Search code examples
pythonhashlib

Is there a faster way (than this) to calculate the hash of a file (using hashlib) in Python?


My current approach is this:

def get_hash(path=PATH, hash_type='md5'):
    func = getattr(hashlib, hash_type)()
    with open(path, 'rb') as f:
         for block in iter(lambda: f.read(1024*func.block_size, b''):
             func.update(block)
    return func.hexdigest()

It takes about 3.5 seconds to calculate the md5sum of a 842MB iso file on an i5 @ 1.7 GHz. I have tried different methods of reading the file, but all of them yield slower results. Is there, perhaps, a faster solution?

EDIT: I replaced 2**16 (inside the f.read()) with 1024*func.block_size, since the default block_size for most hashing functions supported by hashlib is 64 (except for 'sha384' and 'sha512' - for them, the default block_size is 128). Therefore, the block size is still the same (65536 bits).

EDIT(2): I did something wrong. It takes 8.4 seconds instead of 3.5. :(

EDIT(3): Apparently Windows was using the disk at +80% when I ran the function again. It really takes 3.5 seconds. Phew.

Another solution (~-0.5 sec, slightly faster) is to use os.open():

def get_hash(path=PATH, hash_type='md5'):
    func = getattr(hashlib, hash_type)()
    f = os.open(path, (os.O_RDWR | os.O_BINARY))
    for block in iter(lambda: os.read(f, 2048*func.block_size), b''):
        func.update(block)
    os.close(f)
    return func.hexdigest()

Note that these results are not final.


Solution

  • Using an 874 MiB random data file which required 2 seconds with the md5 openssl tool I was able to improve speed as follows.

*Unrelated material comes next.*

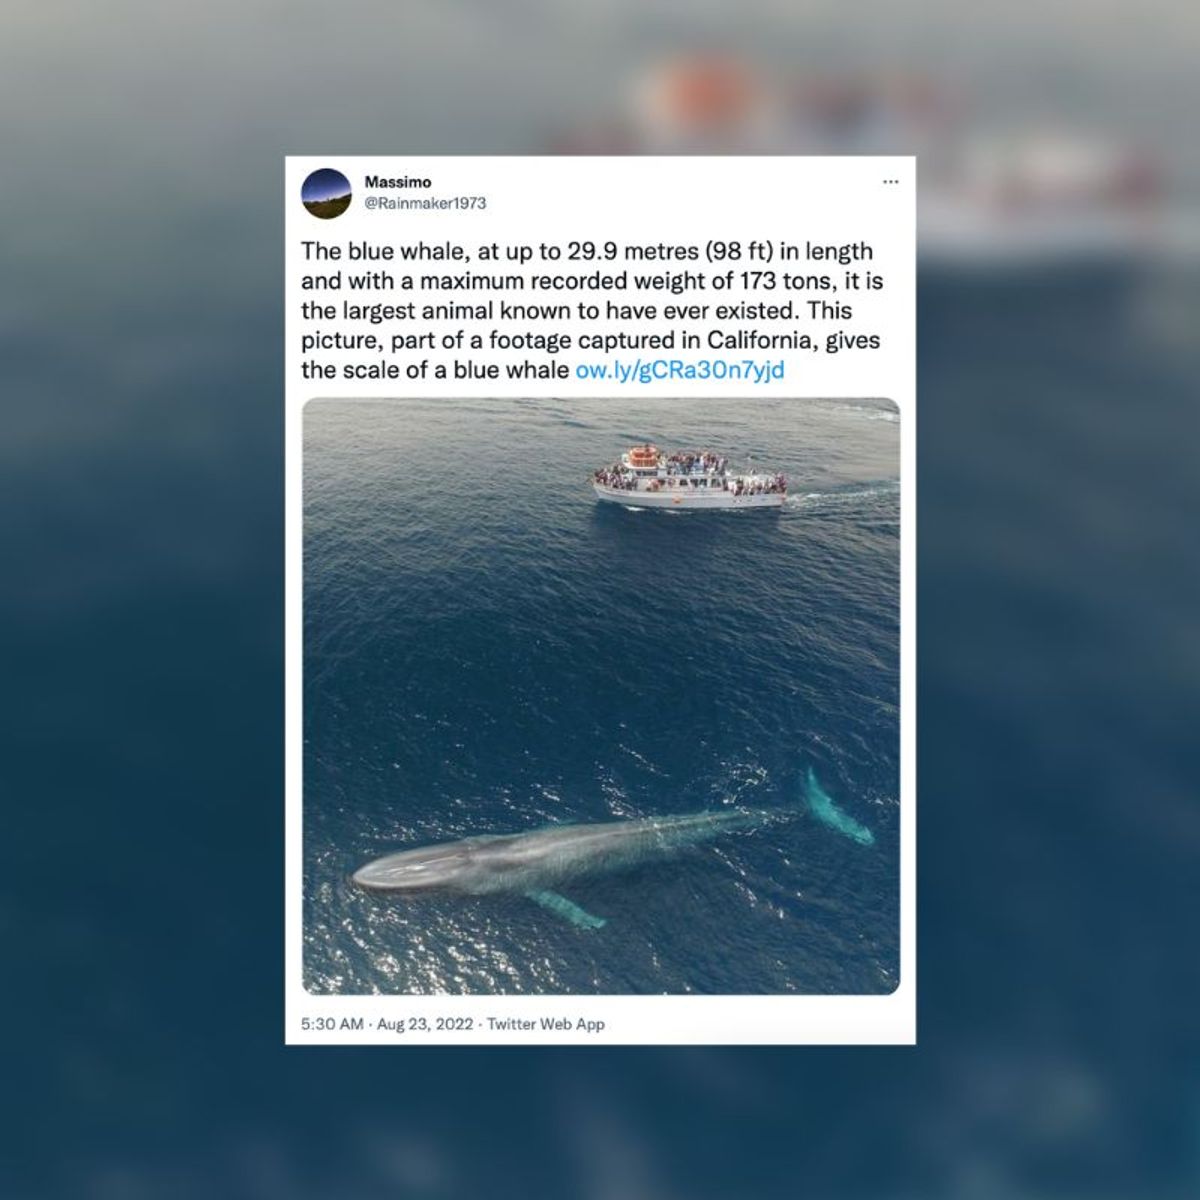 Does this Photo Authentically Show a Whale Alongside a Boat?

    • Using your first method required 21 seconds.
    • Reading the entire file (21 seconds) to buffer and then updating required 2 seconds.
    • Using the following function with a buffer size of 8096 required 17 seconds.
    • Using the following function with a buffer size of 32767 required 11 seconds.
    • Using the following function with a buffer size of 65536 required 8 seconds.
    • Using the following function with a buffer size of 131072 required 8 seconds.
    • Using the following function with a buffer size of 1048576 required 12 seconds.
    def md5_speedcheck(path, size):
        pts = time.process_time()
        ats = time.time()
        m = hashlib.md5()
        with open(path, 'rb') as f:
            b = f.read(size)
            while len(b) > 0:
                m.update(b)
                b = f.read(size)
        print("{0:.3f} s".format(time.process_time() - pts))
        print("{0:.3f} s".format(time.time() - ats))
    

    Human time is what I noted above. Whereas processor time for all of these is about the same with the difference being taken in IO blocking.

    The key determinant here is to have a buffer size that is big enough to mitigate disk latency, but small enough to avoid VM page swaps. For my particular machine it appears that 64 KiB is about optimal.